▸ **Required action**
Return, exactly and in full, the lines of the records below starting at the one with "How Many Ounces Of Wine In A 750Ml Bottle" and ending at the one with "SUPERB ANCIENT BRONZE", and no other lines.

======

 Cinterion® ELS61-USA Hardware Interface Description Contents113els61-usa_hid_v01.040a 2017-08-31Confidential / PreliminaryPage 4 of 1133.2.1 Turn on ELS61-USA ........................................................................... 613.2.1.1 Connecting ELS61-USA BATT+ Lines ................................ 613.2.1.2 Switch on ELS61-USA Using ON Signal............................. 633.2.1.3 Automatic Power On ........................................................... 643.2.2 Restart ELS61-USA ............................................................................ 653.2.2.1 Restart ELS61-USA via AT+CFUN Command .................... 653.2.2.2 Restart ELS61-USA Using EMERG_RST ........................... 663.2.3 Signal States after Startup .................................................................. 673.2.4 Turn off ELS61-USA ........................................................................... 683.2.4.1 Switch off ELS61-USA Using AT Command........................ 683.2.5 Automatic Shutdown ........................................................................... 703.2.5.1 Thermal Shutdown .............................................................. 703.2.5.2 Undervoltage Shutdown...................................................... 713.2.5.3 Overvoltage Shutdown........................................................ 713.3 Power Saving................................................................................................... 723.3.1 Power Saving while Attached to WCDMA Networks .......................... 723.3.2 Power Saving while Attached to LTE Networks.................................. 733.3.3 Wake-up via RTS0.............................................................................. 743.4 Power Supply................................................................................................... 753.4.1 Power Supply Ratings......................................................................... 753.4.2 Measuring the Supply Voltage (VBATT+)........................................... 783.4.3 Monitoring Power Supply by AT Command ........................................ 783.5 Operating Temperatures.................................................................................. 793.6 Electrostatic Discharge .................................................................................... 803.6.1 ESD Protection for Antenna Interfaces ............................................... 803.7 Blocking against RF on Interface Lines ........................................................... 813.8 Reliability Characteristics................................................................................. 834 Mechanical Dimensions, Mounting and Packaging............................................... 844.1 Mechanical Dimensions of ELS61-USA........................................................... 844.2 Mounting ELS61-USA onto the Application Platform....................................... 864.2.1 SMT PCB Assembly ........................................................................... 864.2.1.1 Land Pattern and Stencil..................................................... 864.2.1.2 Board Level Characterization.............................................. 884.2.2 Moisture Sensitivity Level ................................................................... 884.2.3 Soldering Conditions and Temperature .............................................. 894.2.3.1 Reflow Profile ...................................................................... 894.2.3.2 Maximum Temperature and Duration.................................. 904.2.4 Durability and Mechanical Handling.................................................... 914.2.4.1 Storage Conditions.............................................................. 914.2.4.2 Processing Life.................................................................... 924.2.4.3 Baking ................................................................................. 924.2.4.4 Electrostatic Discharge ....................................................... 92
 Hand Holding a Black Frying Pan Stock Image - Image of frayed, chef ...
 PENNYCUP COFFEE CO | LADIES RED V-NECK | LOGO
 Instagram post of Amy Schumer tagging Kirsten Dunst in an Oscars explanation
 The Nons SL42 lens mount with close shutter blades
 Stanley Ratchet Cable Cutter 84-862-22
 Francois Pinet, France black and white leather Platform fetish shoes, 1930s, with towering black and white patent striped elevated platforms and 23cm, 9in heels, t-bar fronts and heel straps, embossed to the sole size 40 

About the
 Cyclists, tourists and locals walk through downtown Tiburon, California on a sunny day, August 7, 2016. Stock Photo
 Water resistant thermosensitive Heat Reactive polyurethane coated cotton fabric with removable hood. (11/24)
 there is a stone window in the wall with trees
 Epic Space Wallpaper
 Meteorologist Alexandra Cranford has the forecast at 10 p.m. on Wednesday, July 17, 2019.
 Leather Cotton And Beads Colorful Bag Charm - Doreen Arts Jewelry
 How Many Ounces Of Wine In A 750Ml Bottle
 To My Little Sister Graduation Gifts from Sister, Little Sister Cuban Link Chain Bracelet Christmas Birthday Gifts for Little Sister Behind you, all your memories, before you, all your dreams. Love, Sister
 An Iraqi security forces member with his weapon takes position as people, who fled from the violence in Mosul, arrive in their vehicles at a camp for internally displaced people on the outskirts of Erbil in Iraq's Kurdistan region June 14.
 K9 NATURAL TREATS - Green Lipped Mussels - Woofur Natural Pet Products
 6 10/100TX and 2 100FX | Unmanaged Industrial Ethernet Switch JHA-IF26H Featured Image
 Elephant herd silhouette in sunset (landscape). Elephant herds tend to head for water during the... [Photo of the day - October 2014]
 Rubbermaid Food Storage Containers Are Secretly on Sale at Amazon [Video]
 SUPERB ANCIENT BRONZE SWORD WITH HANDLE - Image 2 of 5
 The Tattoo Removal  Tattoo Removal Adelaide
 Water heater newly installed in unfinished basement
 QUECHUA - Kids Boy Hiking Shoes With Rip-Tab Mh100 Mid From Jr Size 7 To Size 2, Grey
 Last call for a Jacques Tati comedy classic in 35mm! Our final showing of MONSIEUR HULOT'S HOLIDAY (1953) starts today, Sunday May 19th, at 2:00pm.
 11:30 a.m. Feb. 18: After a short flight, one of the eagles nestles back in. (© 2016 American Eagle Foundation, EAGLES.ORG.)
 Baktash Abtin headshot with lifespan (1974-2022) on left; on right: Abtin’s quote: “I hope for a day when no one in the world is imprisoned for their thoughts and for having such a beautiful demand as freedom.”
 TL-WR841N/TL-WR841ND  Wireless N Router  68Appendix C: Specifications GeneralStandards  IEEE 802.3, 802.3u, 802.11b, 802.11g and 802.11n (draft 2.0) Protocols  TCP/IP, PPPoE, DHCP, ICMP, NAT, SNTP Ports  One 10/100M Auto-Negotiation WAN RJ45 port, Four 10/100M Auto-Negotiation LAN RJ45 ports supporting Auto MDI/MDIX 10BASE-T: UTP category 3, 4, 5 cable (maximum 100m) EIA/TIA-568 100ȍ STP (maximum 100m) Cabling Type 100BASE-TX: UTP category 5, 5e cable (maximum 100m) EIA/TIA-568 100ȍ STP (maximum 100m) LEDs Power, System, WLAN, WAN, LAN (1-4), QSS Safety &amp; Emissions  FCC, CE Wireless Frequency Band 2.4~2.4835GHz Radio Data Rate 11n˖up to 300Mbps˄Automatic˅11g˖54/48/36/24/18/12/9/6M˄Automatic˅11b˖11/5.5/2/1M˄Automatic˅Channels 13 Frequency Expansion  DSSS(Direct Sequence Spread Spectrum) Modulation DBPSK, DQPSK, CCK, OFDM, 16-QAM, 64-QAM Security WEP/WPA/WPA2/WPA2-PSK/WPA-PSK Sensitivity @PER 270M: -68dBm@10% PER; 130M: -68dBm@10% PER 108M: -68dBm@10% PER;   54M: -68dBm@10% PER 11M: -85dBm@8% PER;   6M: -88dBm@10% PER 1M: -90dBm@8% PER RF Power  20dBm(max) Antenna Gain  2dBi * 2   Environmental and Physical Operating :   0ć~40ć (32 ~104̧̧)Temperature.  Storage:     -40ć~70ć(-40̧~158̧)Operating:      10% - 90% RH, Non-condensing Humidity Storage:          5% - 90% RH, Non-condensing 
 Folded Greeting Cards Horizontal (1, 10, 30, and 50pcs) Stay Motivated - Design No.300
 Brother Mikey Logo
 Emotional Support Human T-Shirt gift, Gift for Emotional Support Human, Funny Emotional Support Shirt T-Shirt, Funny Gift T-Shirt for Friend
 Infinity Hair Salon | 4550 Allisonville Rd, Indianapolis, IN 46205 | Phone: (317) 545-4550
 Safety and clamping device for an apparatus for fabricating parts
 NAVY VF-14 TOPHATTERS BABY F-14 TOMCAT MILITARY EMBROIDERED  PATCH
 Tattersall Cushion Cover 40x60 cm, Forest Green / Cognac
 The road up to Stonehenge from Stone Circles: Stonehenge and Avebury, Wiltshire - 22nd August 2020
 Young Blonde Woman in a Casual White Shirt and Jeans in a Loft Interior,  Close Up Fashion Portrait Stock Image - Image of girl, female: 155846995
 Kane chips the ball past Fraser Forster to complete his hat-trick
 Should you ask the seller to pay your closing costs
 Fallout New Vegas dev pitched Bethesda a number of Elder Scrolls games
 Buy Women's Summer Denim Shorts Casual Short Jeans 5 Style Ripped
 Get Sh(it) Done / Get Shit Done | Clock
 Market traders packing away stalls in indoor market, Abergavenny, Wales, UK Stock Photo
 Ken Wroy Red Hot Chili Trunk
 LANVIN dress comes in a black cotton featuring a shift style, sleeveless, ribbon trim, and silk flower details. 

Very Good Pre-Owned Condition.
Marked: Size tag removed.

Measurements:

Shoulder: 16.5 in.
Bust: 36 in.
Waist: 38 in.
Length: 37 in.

======

▸ **Completed exercise**
 How Many Ounces Of Wine In A 750Ml Bottle
 To My Little Sister Graduation Gifts from Sister, Little Sister Cuban Link Chain Bracelet Christmas Birthday Gifts for Little Sister Behind you, all your memories, before you, all your dreams. Love, Sister
 An Iraqi security forces member with his weapon takes position as people, who fled from the violence in Mosul, arrive in their vehicles at a camp for internally displaced people on the outskirts of Erbil in Iraq's Kurdistan region June 14.
 K9 NATURAL TREATS - Green Lipped Mussels - Woofur Natural Pet Products
 6 10/100TX and 2 100FX | Unmanaged Industrial Ethernet Switch JHA-IF26H Featured Image
 Elephant herd silhouette in sunset (landscape). Elephant herds tend to head for water during the... [Photo of the day - October 2014]
 Rubbermaid Food Storage Containers Are Secretly on Sale at Amazon [Video]
 SUPERB ANCIENT BRONZE SWORD WITH HANDLE - Image 2 of 5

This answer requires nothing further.